Metadata-Version: 2.4
Name: sentimentai-py
Version: 0.1.0a1
Summary: Simple, tunable sentiment analysis from sentence embeddings — TensorFlow-free. Python sibling of the R package sentiment.ai.
Author-email: Ben Wiseman <benjamin.h.wiseman@gmail.com>
License: MIT
Project-URL: Homepage, https://benwiseman.github.io/sentiment.ai/
Project-URL: Source, https://github.com/BenWiseman/sentiment.ai
Keywords: sentiment,nlp,embeddings,sentence-transformers,multilingual
Classifier: Programming Language :: Python :: 3
Classifier: License :: OSI Approved :: MIT License
Classifier: Topic :: Scientific/Engineering :: Artificial Intelligence
Requires-Python: >=3.9
Description-Content-Type: text/markdown
Requires-Dist: numpy>=1.21
Requires-Dist: sentence-transformers>=2.2
Requires-Dist: huggingface-hub>=0.16
Provides-Extra: openai
Requires-Dist: requests>=2.28; extra == "openai"
Provides-Extra: dev
Requires-Dist: pytest>=7; extra == "dev"
Requires-Dist: ruff; extra == "dev"

# sentiment.ai — Python

TensorFlow-free sentiment analysis from sentence embeddings. The Python sibling of
the R package [`sentiment.ai`](../rpackage), sharing the **same trained scorer
artifacts** and the **same public API**.

> **Status: working pre-release (0.1.0).** The engine is implemented and verified
> end-to-end (e5 embed → numpy scoring head → score in `[-1, 1]`); the forward pass
> matches the R package's `score_json_head` to machine epsilon (max diff `4.4e-16`).
> The shipped e5 heads are **placeholders** pending full-data weights — treat scores as
> indicative until the v1.0 weights land.

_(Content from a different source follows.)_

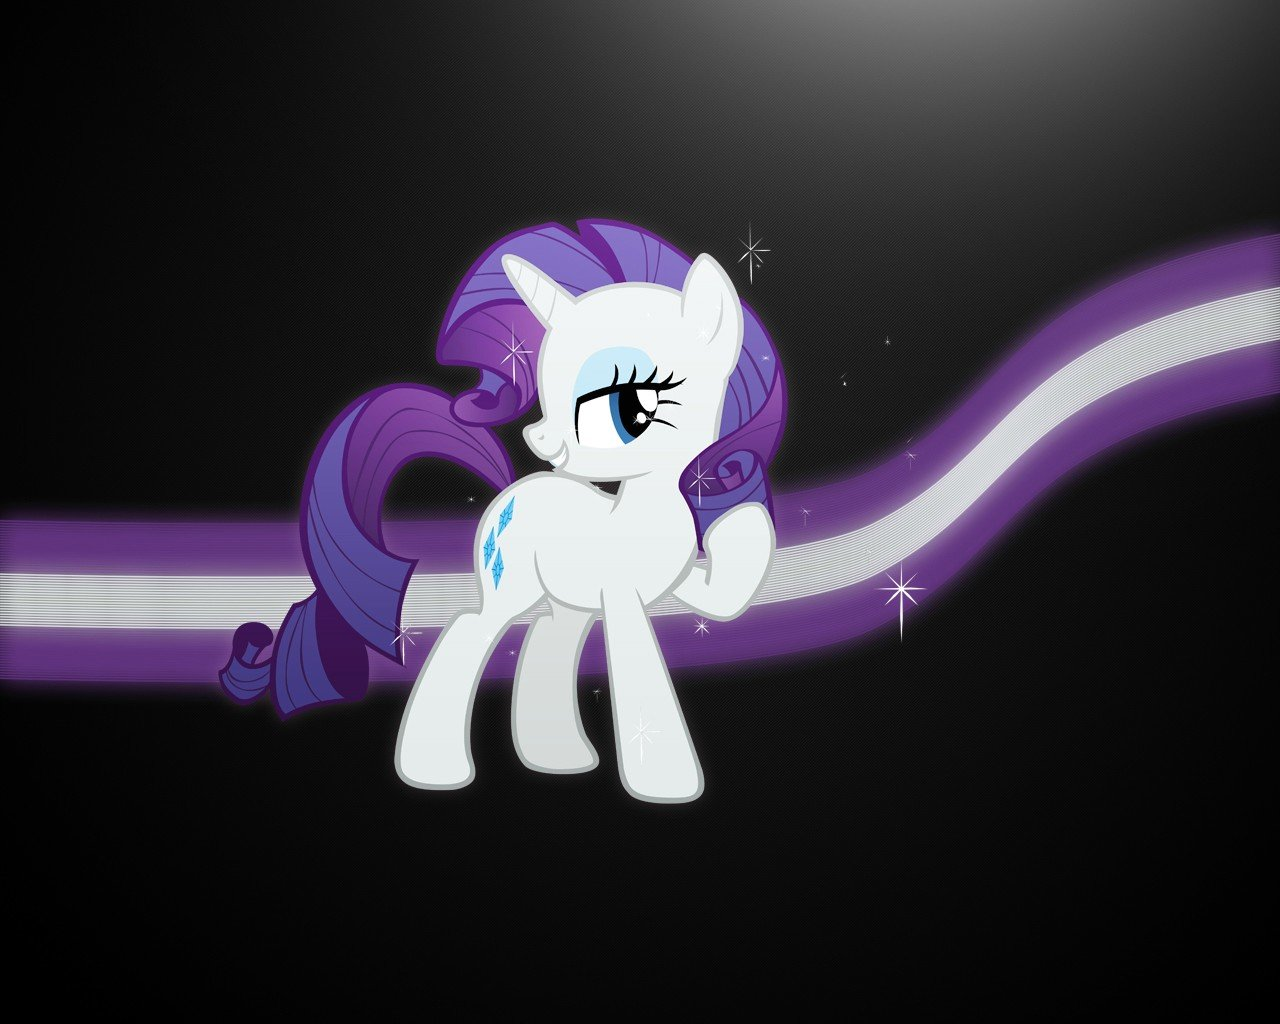 My Little Pony Mlp Wallpapers 1280x1024 Desktop Backgrounds

Why a Python package: the v2 engine is already Python (sentence-transformers + a tiny
numpy scoring head). The R package reaches it through `reticulate`; Python calls it
directly — strictly less machinery, no bridge, **no TensorFlow, and no xgboost at serve**.

## Models (provisional bake-off macro-F1, 2026-06-03)

| `model=` | macro-F1 | dim | notes |
|---|---|---|---|
| `e5-small` *(default)* | 0.813 | 384 | tiny, fast, ~100 languages, no TF |
| `e5-base` | 0.860 | 768 | best on-device — ties OpenAI, ~100 languages, no TF |
| `openai` | 0.861 | 1536 | best overall, paid API |
| `en` / `en.large` / `multi` / `multi.large` | legacy | 512 | opt-in, **requires TensorFlow** |

Numbers are subsample figures and get replaced by full-data results.

## Intended API (mirrors R)

```python
import sentimentai as sa
sa.sentiment_score(["I love this", "this is terrible"])   # -> [~+1, ~-1]
sa.sentiment_match(texts, phrases={"positive": [...], "negative": [...]})
sa.embed_text(texts, model="e5-small")
```

## R ↔ Python parity map

| R (`sentiment.ai`) | Python (`sentimentai`) | status |
|---|---|---|
| `embed_text()` | `embed_text()` | done (e5 / openai; legacy TF raises) |
| `sentiment_score()` | `sentiment_score()` | done (mlp / logistic heads) |
| `sentiment_match()` | `sentiment_match()` | done (tunable phrase poles) |
| `score_json_head()` | `_scoring.score()` | done — verified bit-identical to R |
| `install_sentiment.ai()` / `init_sentiment.ai()` | `ensure_model()` | done (no reticulate dance) |
| `default_models`, `model="en.large"` | `BACKENDS`, `model="e5-small"` | done (registry) |

## Layout

```
pypackage/
├── pyproject.toml
├── sentimentai/
│   ├── __init__.py     public API re-exports
│   ├── _models.py      backend registry (done)
│   ├── embedding.py    embed_text()        (e5 / openai)
│   ├── sentiment.py    sentiment_score / sentiment_match
│   ├── _scoring.py     numpy scoring head  (verified vs R)
│   ├── install.py      ensure_model()
│   └── scoring/        JSON heads shipped in the wheel
└── tests/               parity (vs R golden) + smoke/registry tests
```

The small JSON scoring heads **ship inside the wheel** (`sentimentai/scoring/`); only the
on-device embedder downloads from HuggingFace on first use. No `.xgb`, no TensorFlow.